• **Description of the task**: Retype the lines from the one containing "Largest measures: 7 x 4.8 cm." through the last line of the entries below, exactly and in full, omitting every image.

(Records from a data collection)
————————
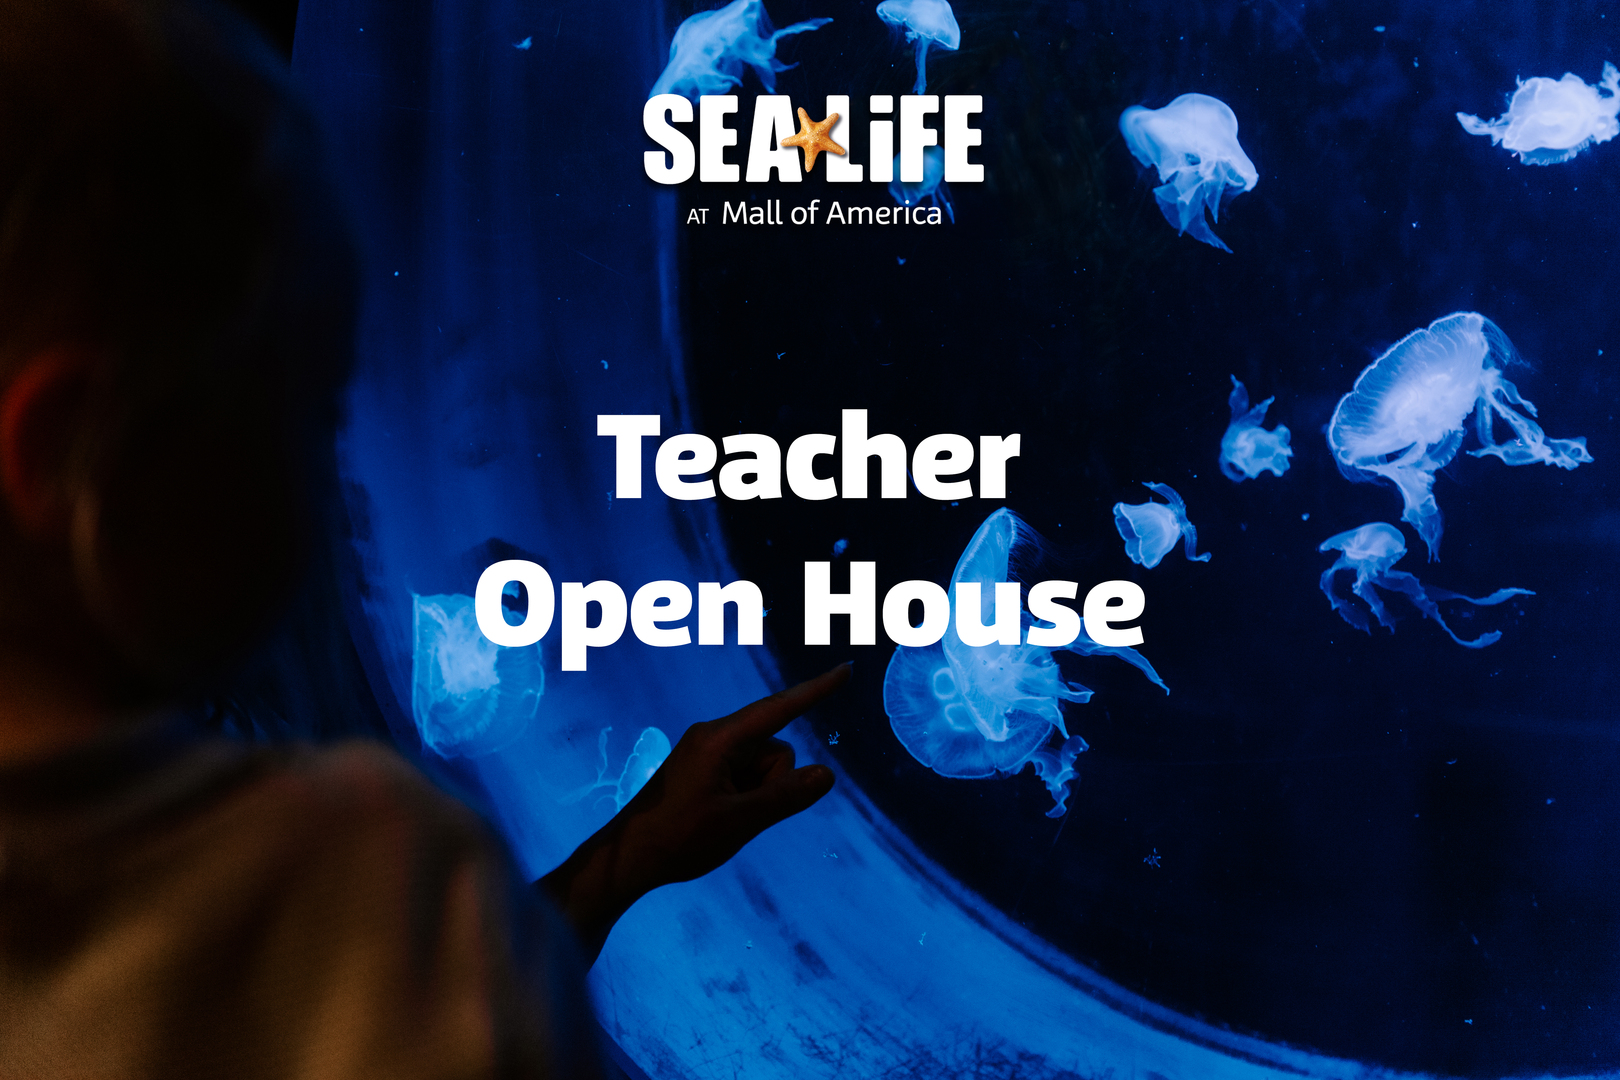 Teacher Open House at SEA LIFE at Mall of America, Bloomington, Minnesota, United States
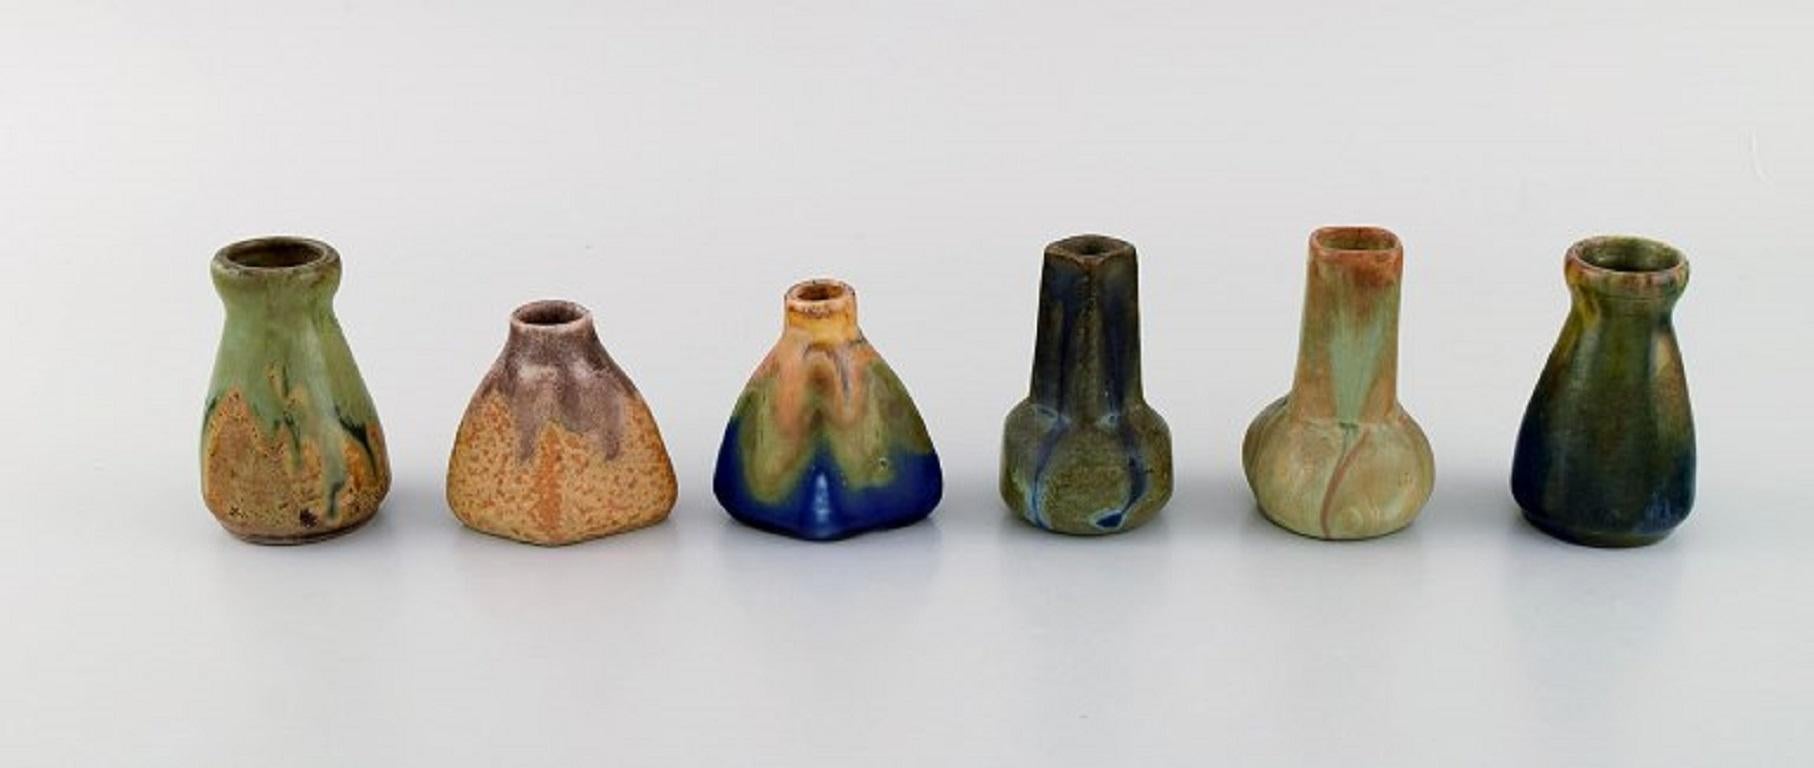 Six Belgian miniature vases in glazed ceramics. Mid-20th century.
Largest measures: 7 x 4.8 cm.
In excellent condition.
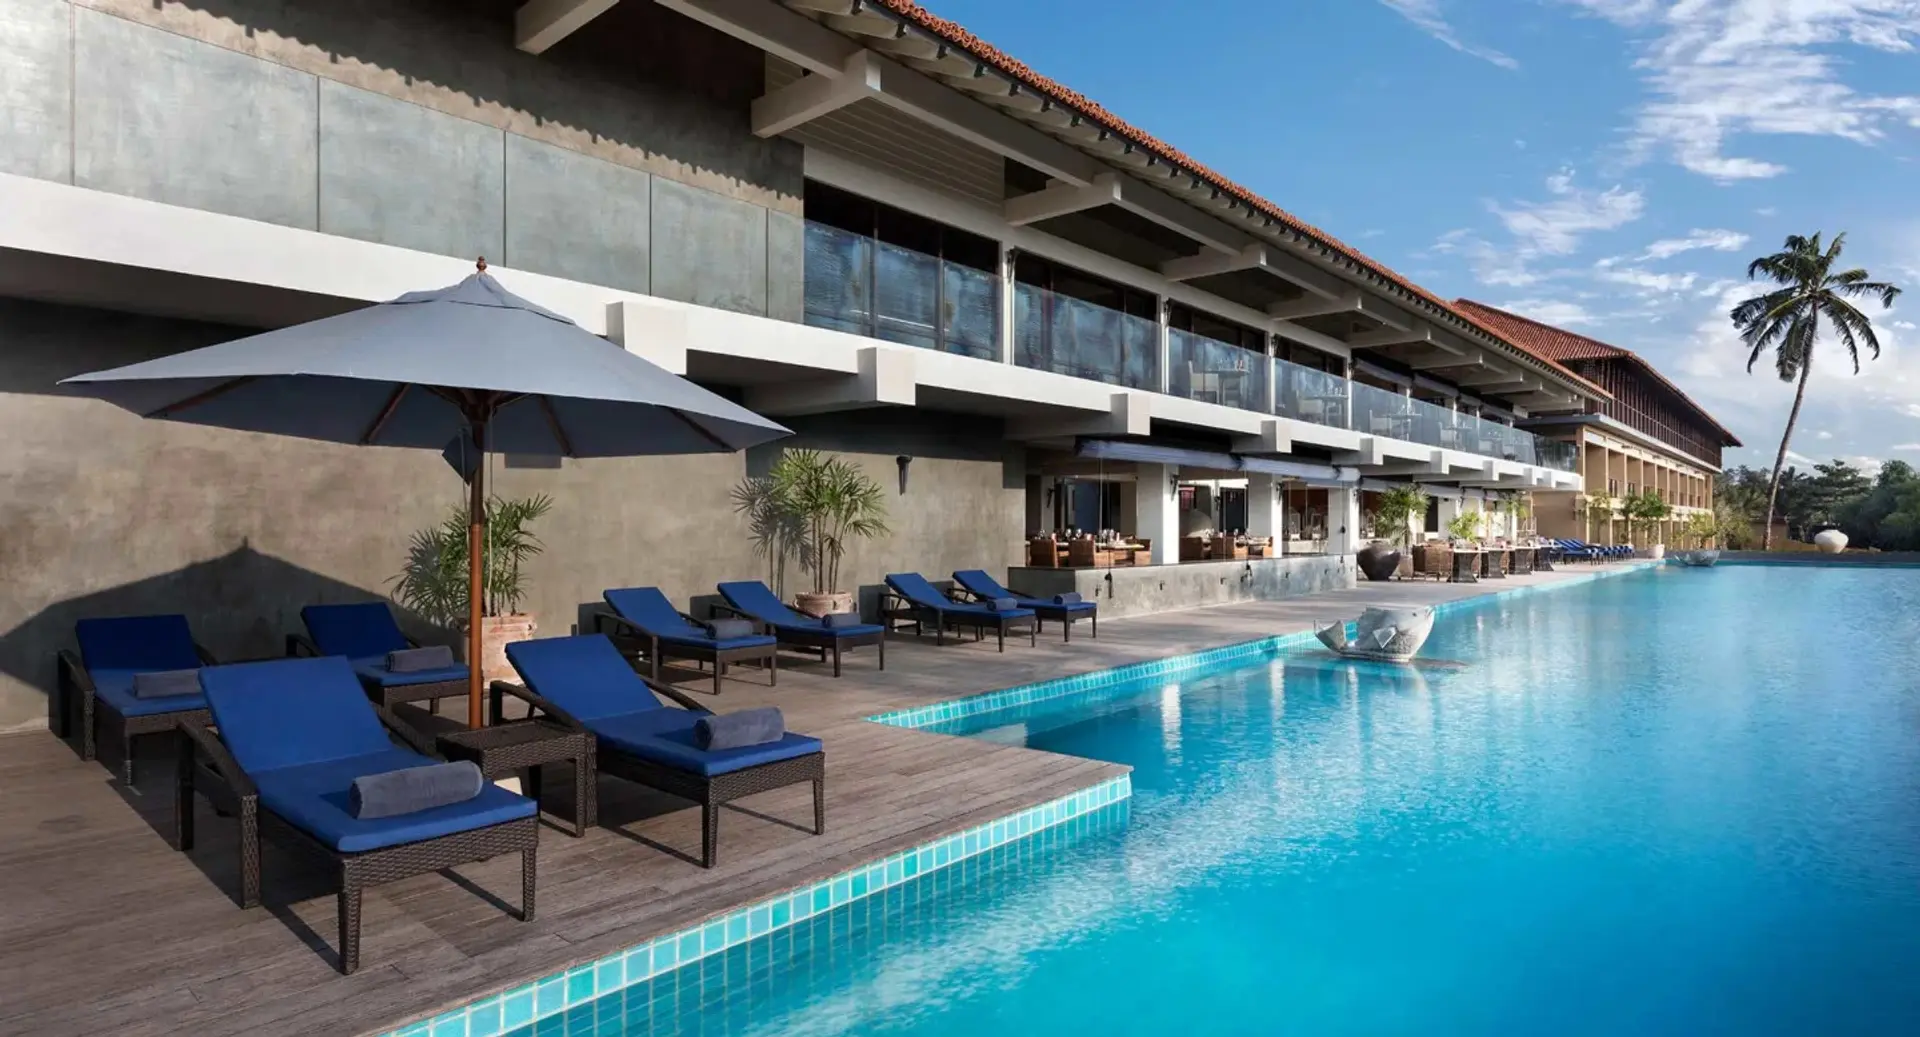 Hotel review Service & Facilities' - Anantara Kalutara Resort - 1
————————
• **Your solution**:
Largest measures: 7 x 4.8 cm.
In excellent condition.
 Hotel review Service & Facilities' - Anantara Kalutara Resort - 1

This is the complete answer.